Abstract 18269: Prognostic Value of Insulin-Like Growth Factor Binding Protein 7 (IGFBP7) in Patients With Heart Failure: Data From CORONA
Background: A recent proteomic analyses of cardiac tissue from a transgenic murine model of heart failure (HF) and clinical myocardial samples identified IGFBP7 as a candidate marker of HF. We investigated if serum levels of IGFBP7 were upregulated in human HF, if IGFBP7 provided independent prognostic information in these patients, and potential interactions with statin therapy.
Materials and methods: Serum IGFBP7 was measured in 187 HF patients and 57 matched healthy controls. The associations of serum IGFBP7 with adverse outcome were assessed in a subset of 1428 patients enrolled in the in the Controlled Rosuvastatin Multinational Trial in HF (CORONA) population, randomly assigned to 10 mg rosuvastatin or placebo, which included patients with HF, aged ≥60 years, in New York Heart Association classes II to IV, who had ischemic heart disease and a reduced left ventricular ejection fraction. Outcome included the primary endpoint (cardiovascular death, nonfatal myocardial infarction, nonfatal stroke; n=408), all-cause mortality (n=422), CV mortality (n=344), coronary endpoint (n=330) and CV mortality/hospitalization for worsening of heart failure (n=535).

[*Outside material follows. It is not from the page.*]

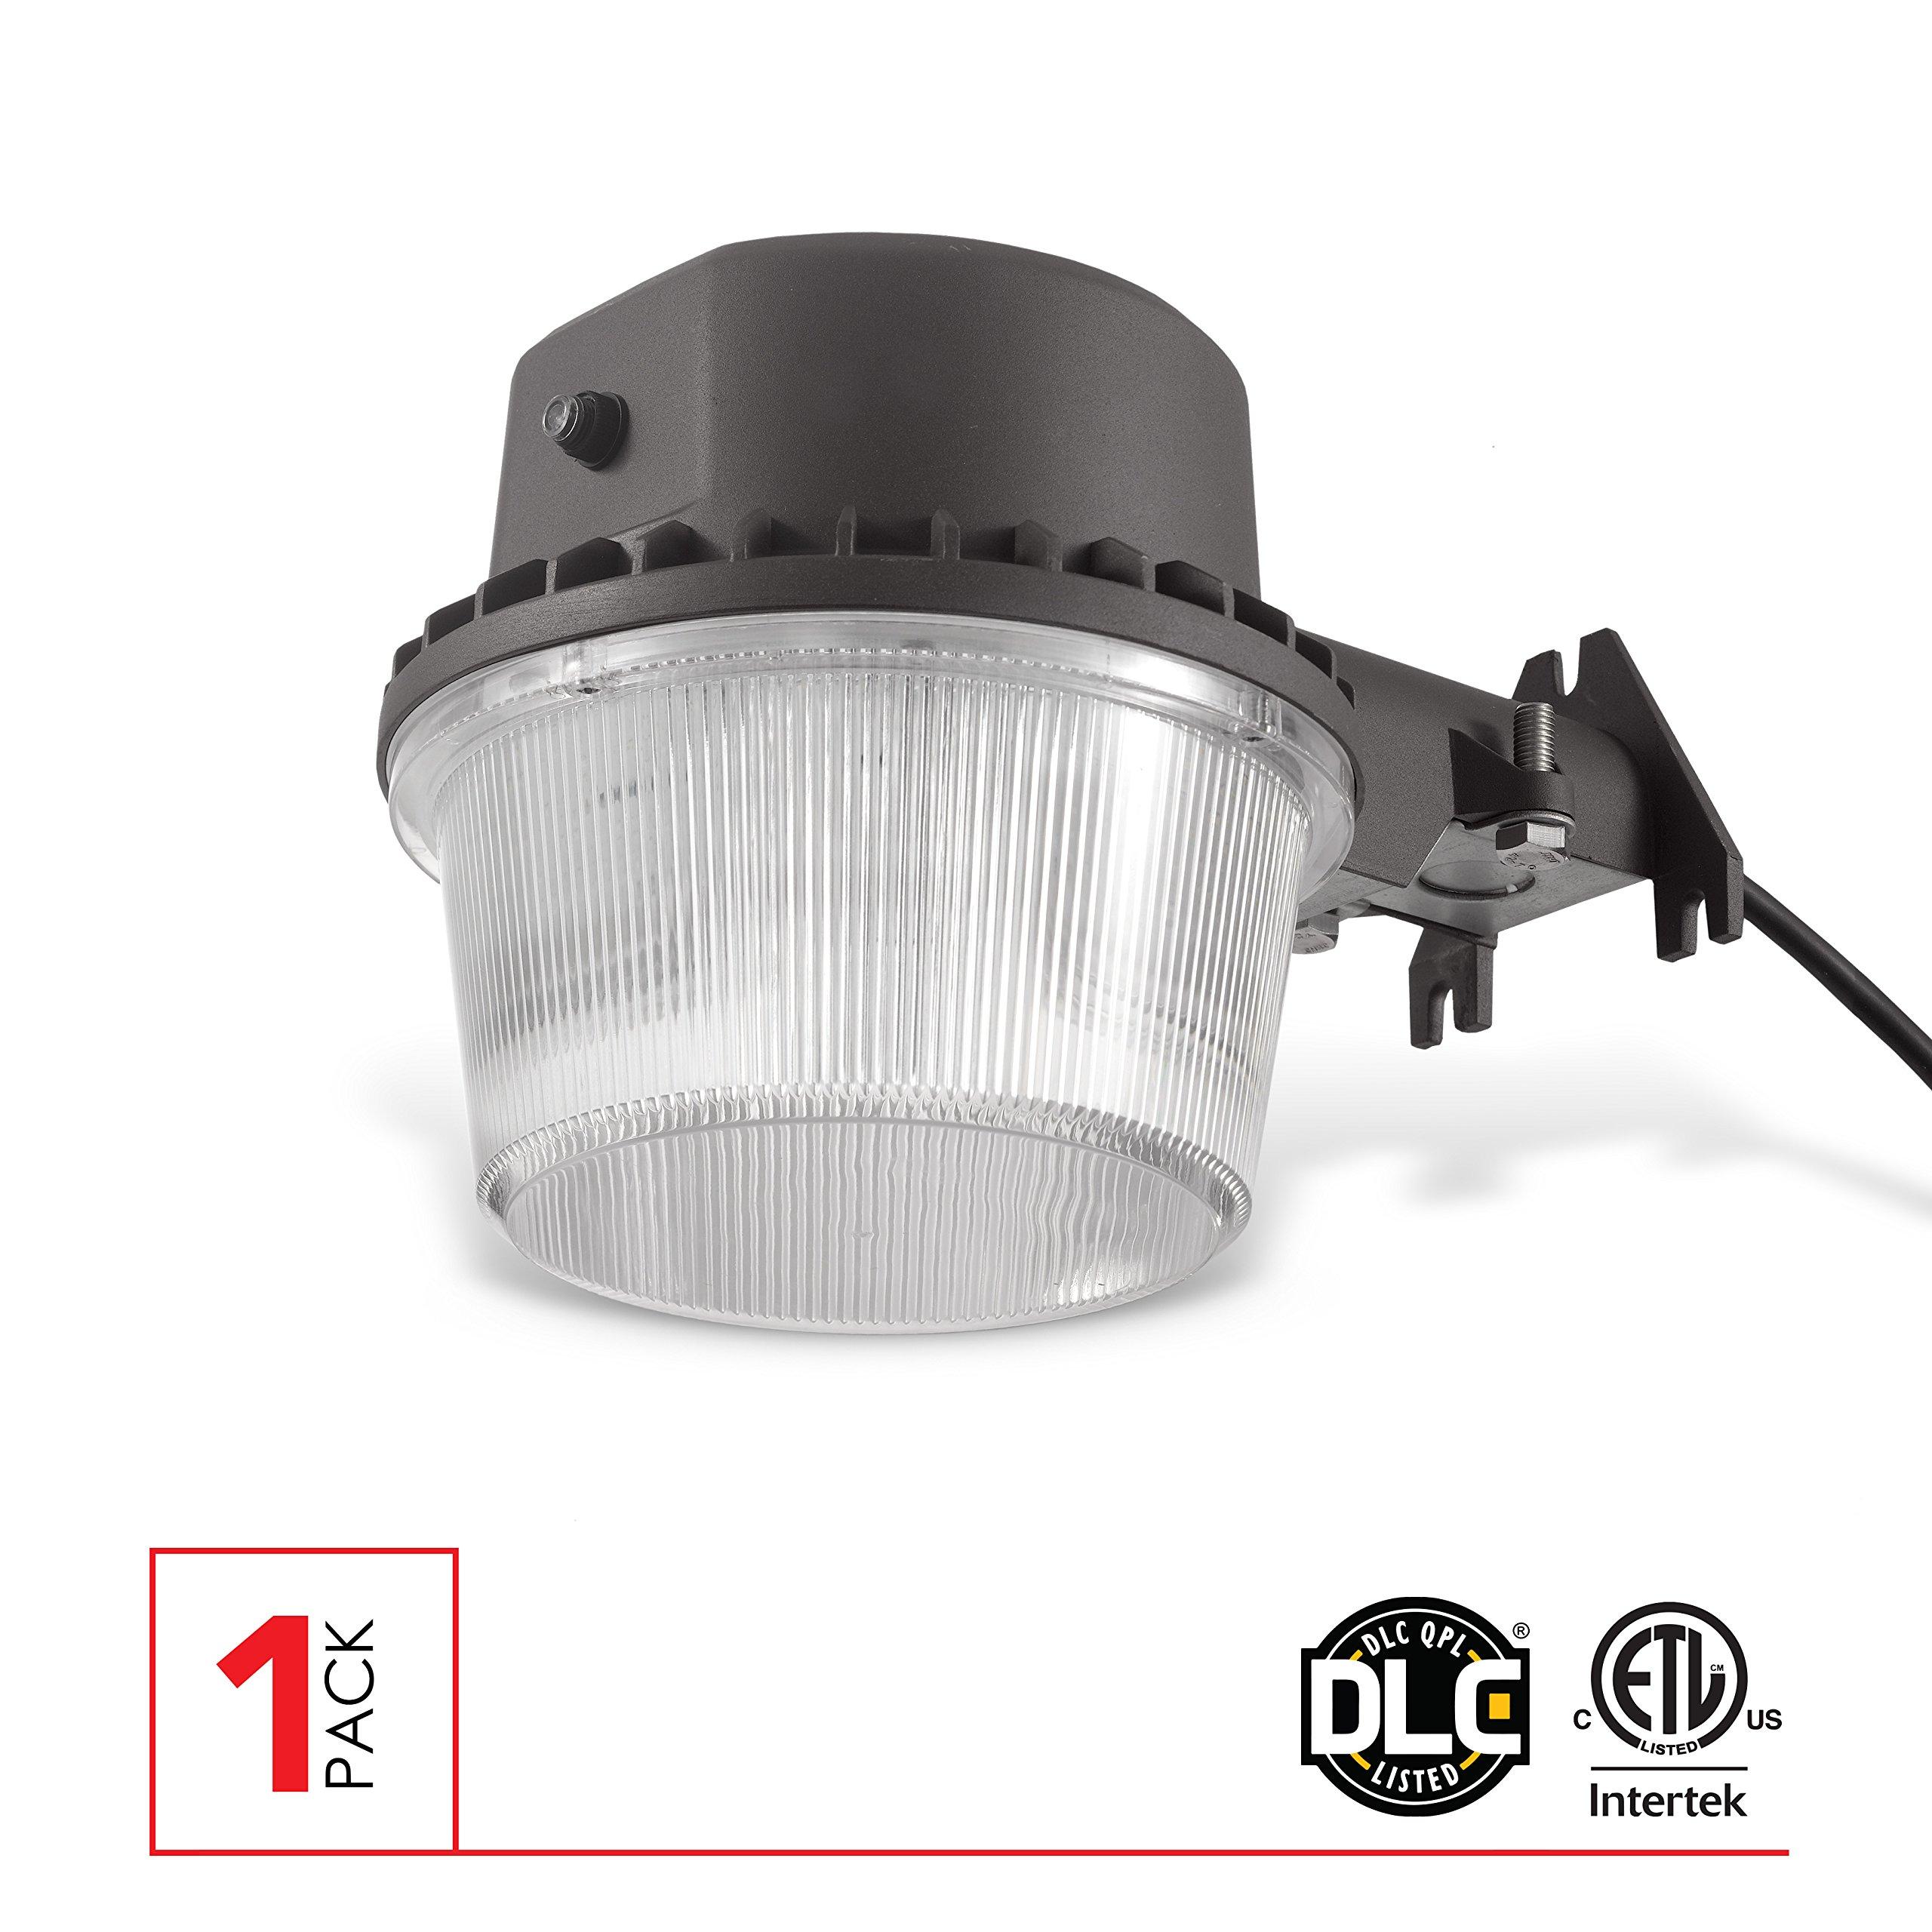 LED Dusk-To-Dawn Barn Light Outdoor Flood Light With Photocell, 35W, 3500 Lumens, 5000K, CRI 80, IP65, ETL-DLC 4.0 Listed, 1 Pack.

Results: Serum IGFBP-7 levels were markedly elevated (p<0.001) in HF patients compared to controls (median [25th, 75th percentile]: 694 [586,874] ng/mL vs. 458 [425,499] ng/mL, p<0.001) and correlated with clinical severity (i.e. NYHA, p=0.002). In univariate analyses, IGFBP7 (continuous variable) was associated with all outcomes [HR ranging from 1.76 (coronary endpoint, p=0.003) to 3.08 (CV death, p<0.001)]. In multi-variable analyses, IGFBP7 remained significant for most endpoints after step 1 adjustment (adjusting for left ventricular ejection fraction, NYHA class, age, body mass index, diabetes, sex, intermittent claudication, heart rate, serum creatinine and apoA1) but the predictive value was markedly attenuated and not significant for any outcome after the addition of CRP and NT-proBNP. No interaction by treatment effects were observed for any outcome.
Conclusions: Serum IGFBP7 levels are elevated in patients with HF but add no predictive information beyond NT-proBNP for adverse outcome in older patients with advanced chronic systolic HF of ischemic aetiology.
- © 2013 by American Heart Association, Inc.